[Opening Data section]

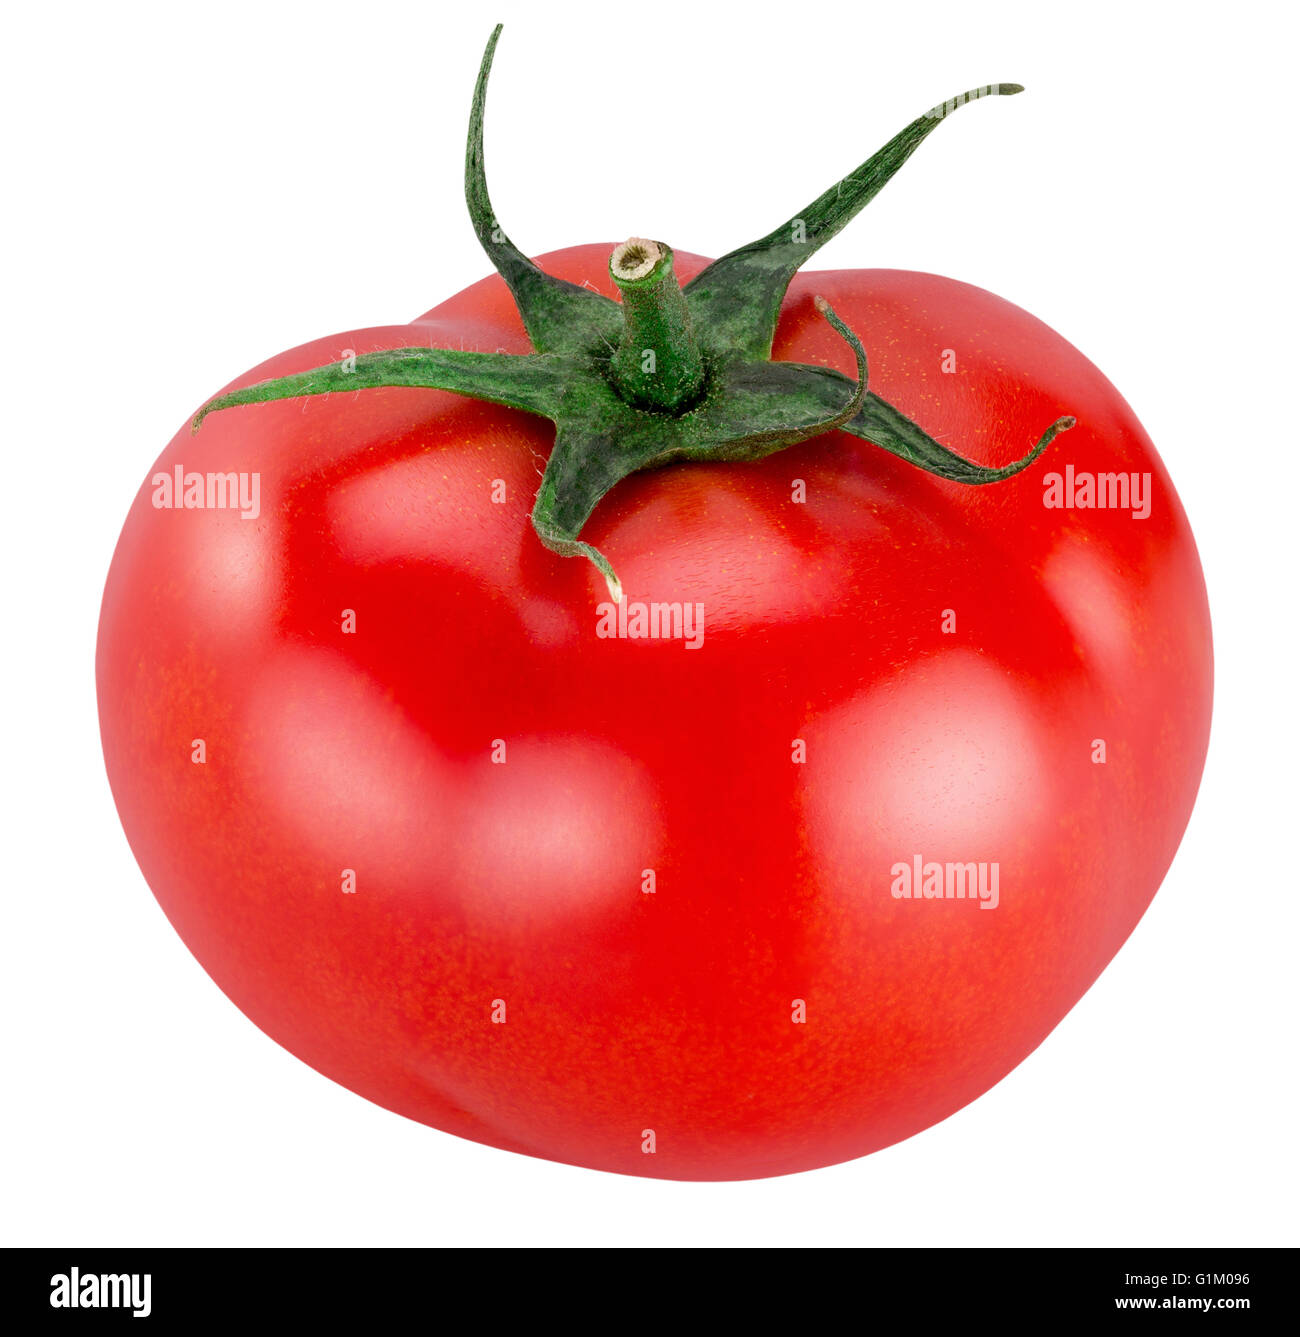 red tomato isolated on the white background. Stock Photo
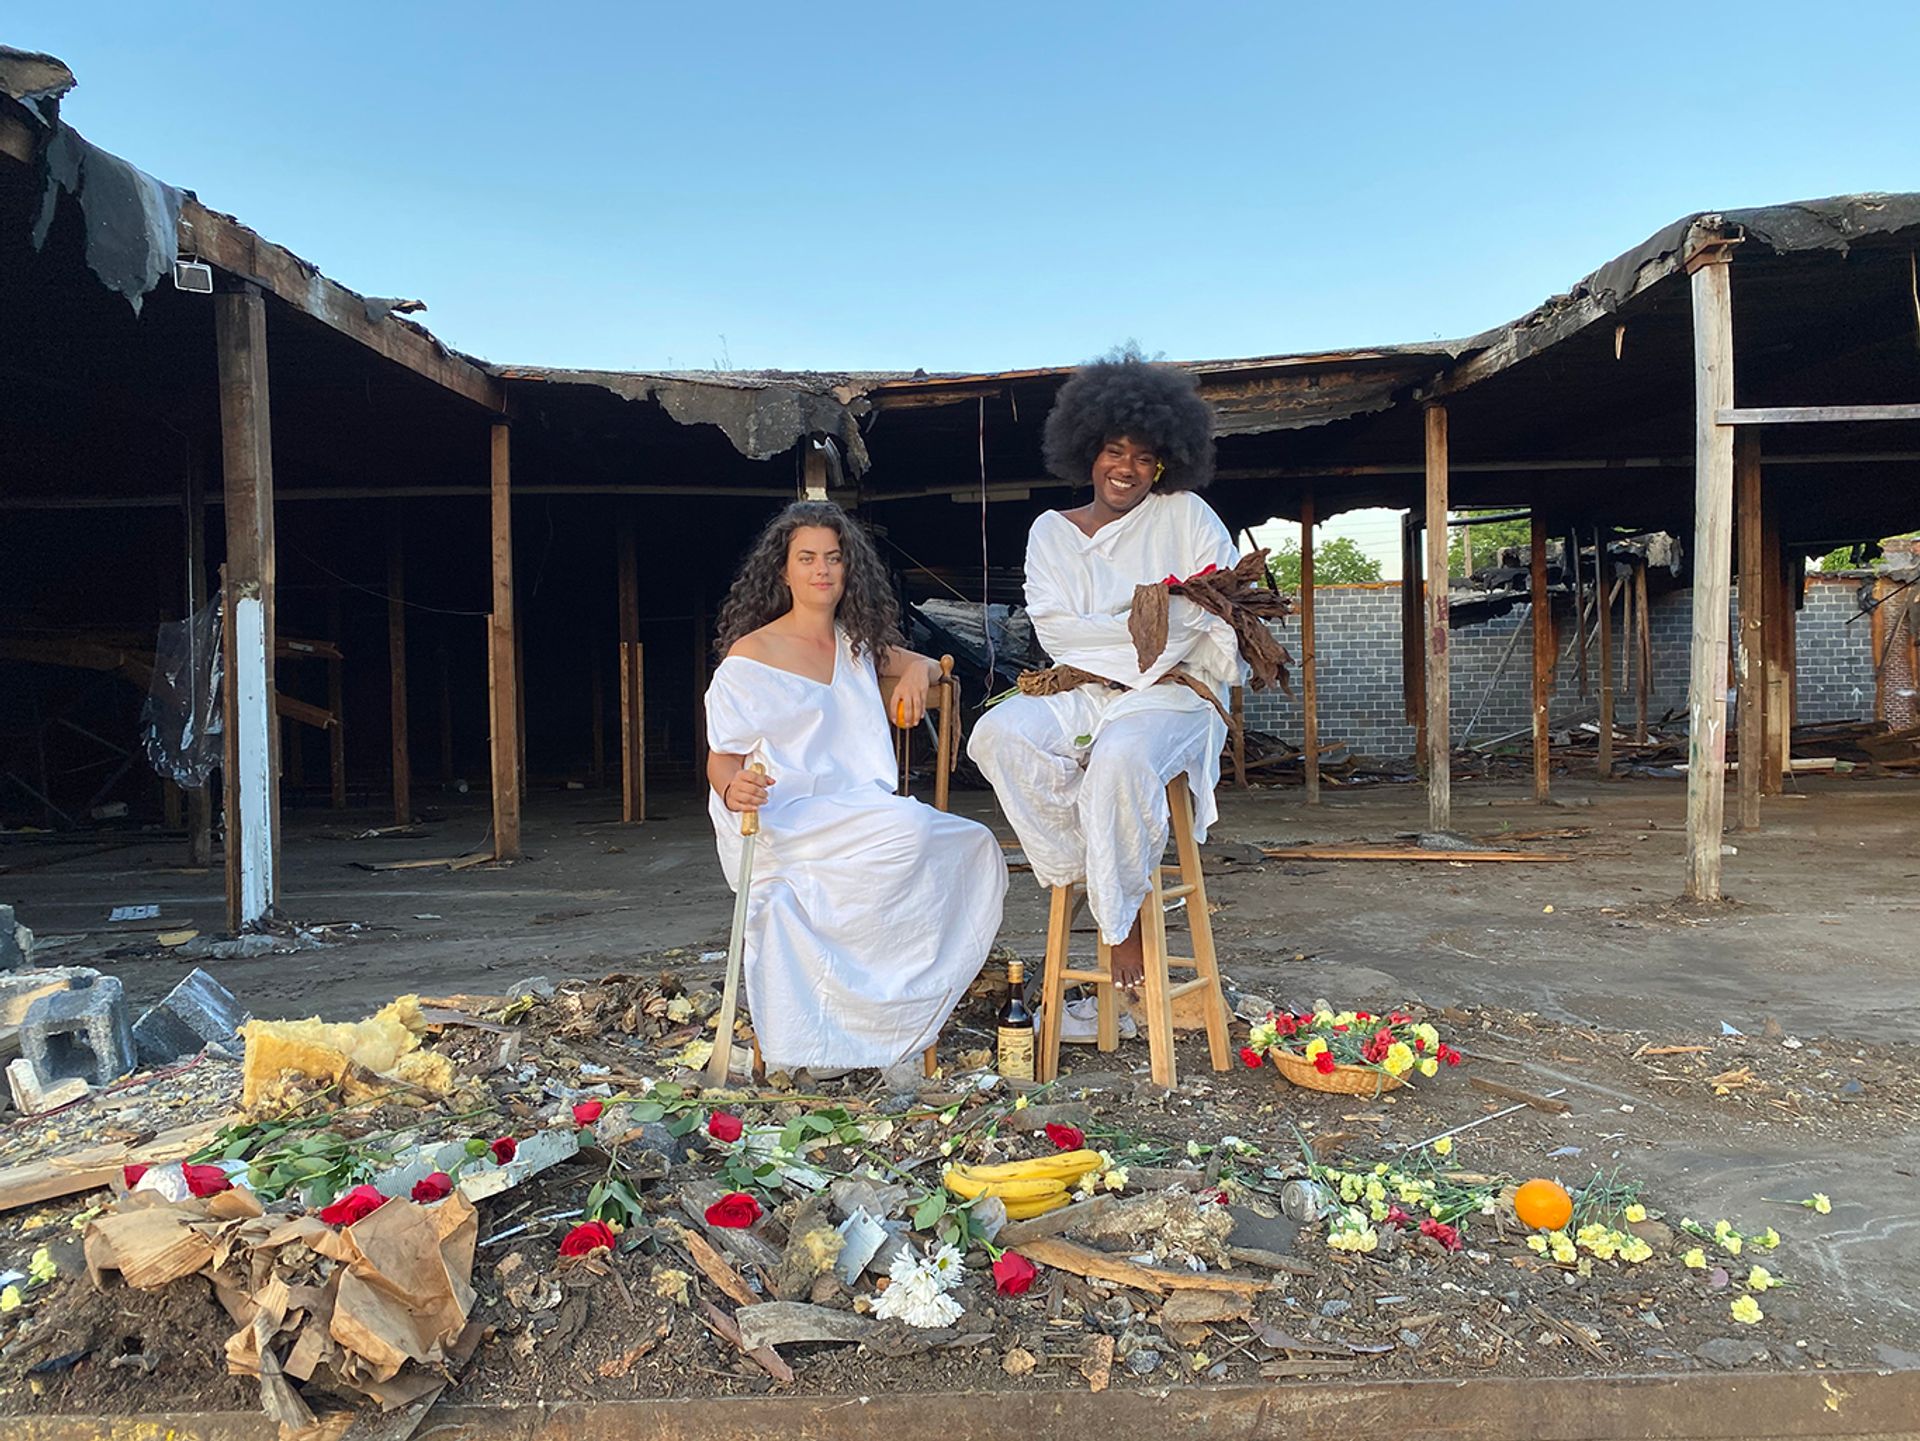 Christine Wyatt and Christina Leoni-Osion in a still from Alicia Díaz's video Entre Puerto Rico and Richmond: Women in Resistance Shall Not Be Moved (2020), co-created with Patricia Herrera, Wyatt, Leoni-Osion, Luis Vasquez La Roche, Héctor "Coco" Barez, Yaraní del Valle and David Riley, and to be released digitally Courtesy of the artist and collaborators
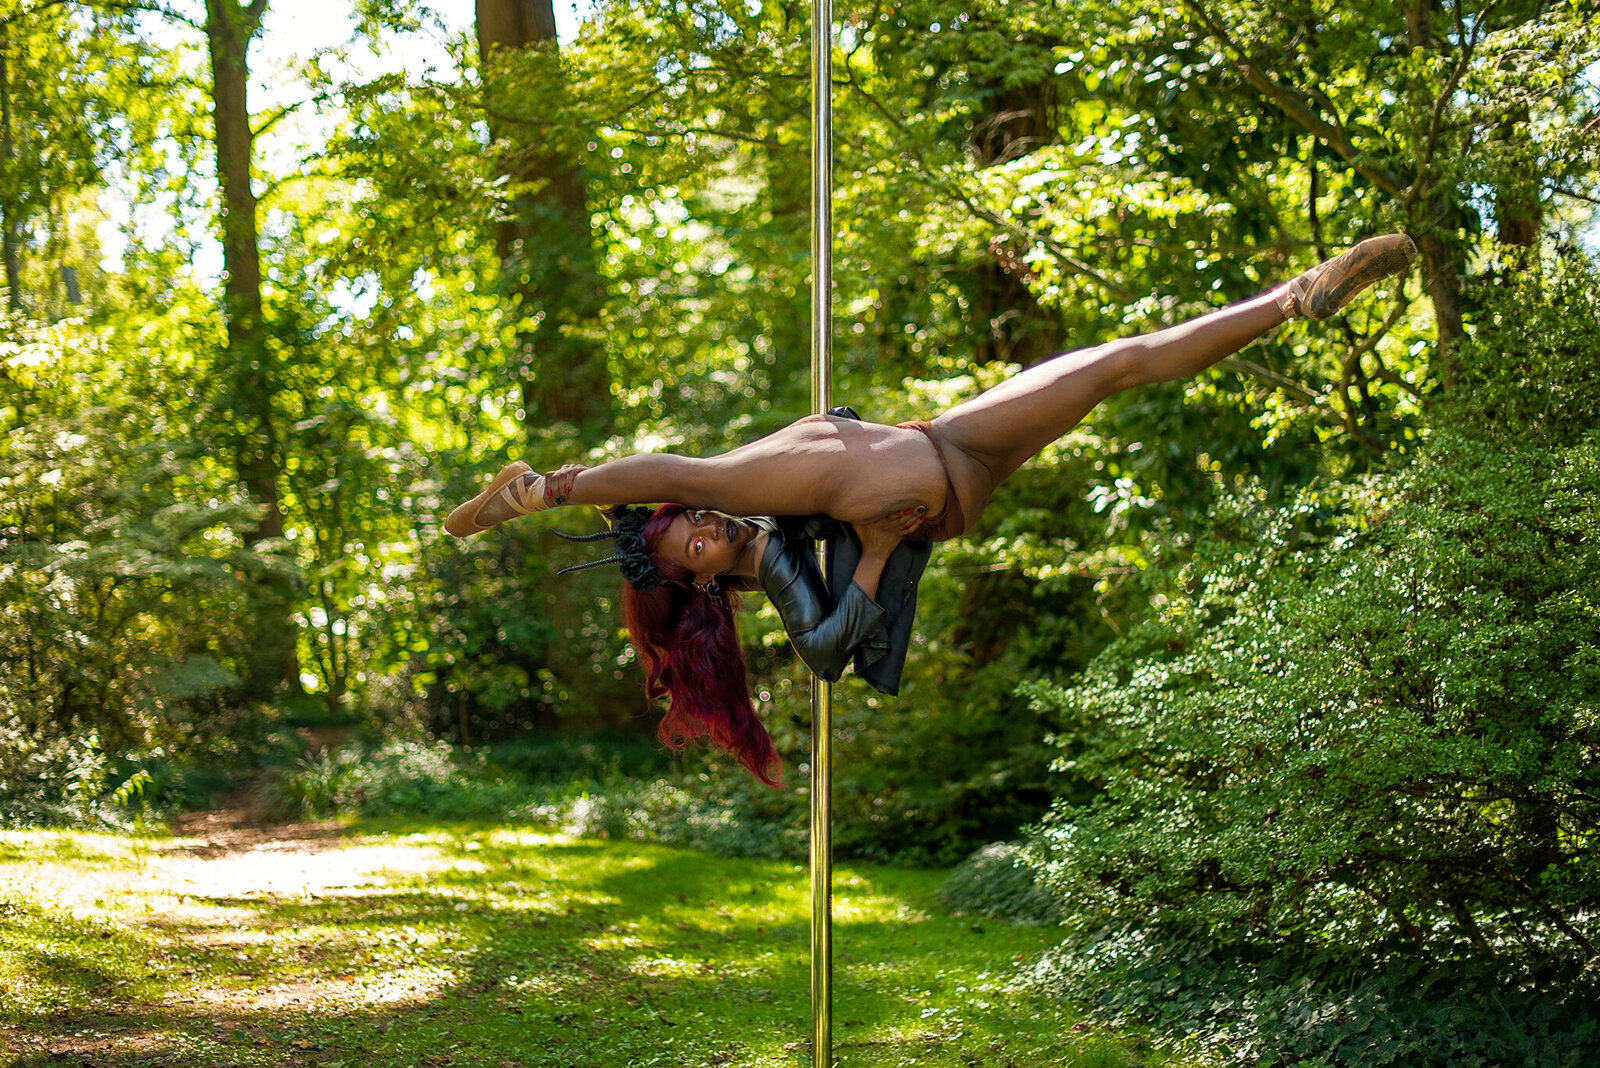 Snapzbytie - Flying in the Forest Pole Photoshoot - Central Maryland

[Closing Data section]

● Your objective
Drop the images, then copy the data exactly.

● Written reply
 red tomato isolated on the white background. Stock Photo
 Christine Wyatt and Christina Leoni-Osion in a still from Alicia Díaz's video Entre Puerto Rico and Richmond: Women in Resistance Shall Not Be Moved (2020), co-created with Patricia Herrera, Wyatt, Leoni-Osion, Luis Vasquez La Roche, Héctor "Coco" Barez, Yaraní del Valle and David Riley, and to be released digitally Courtesy of the artist and collaborators
 Snapzbytie - Flying in the Forest Pole Photoshoot - Central Maryland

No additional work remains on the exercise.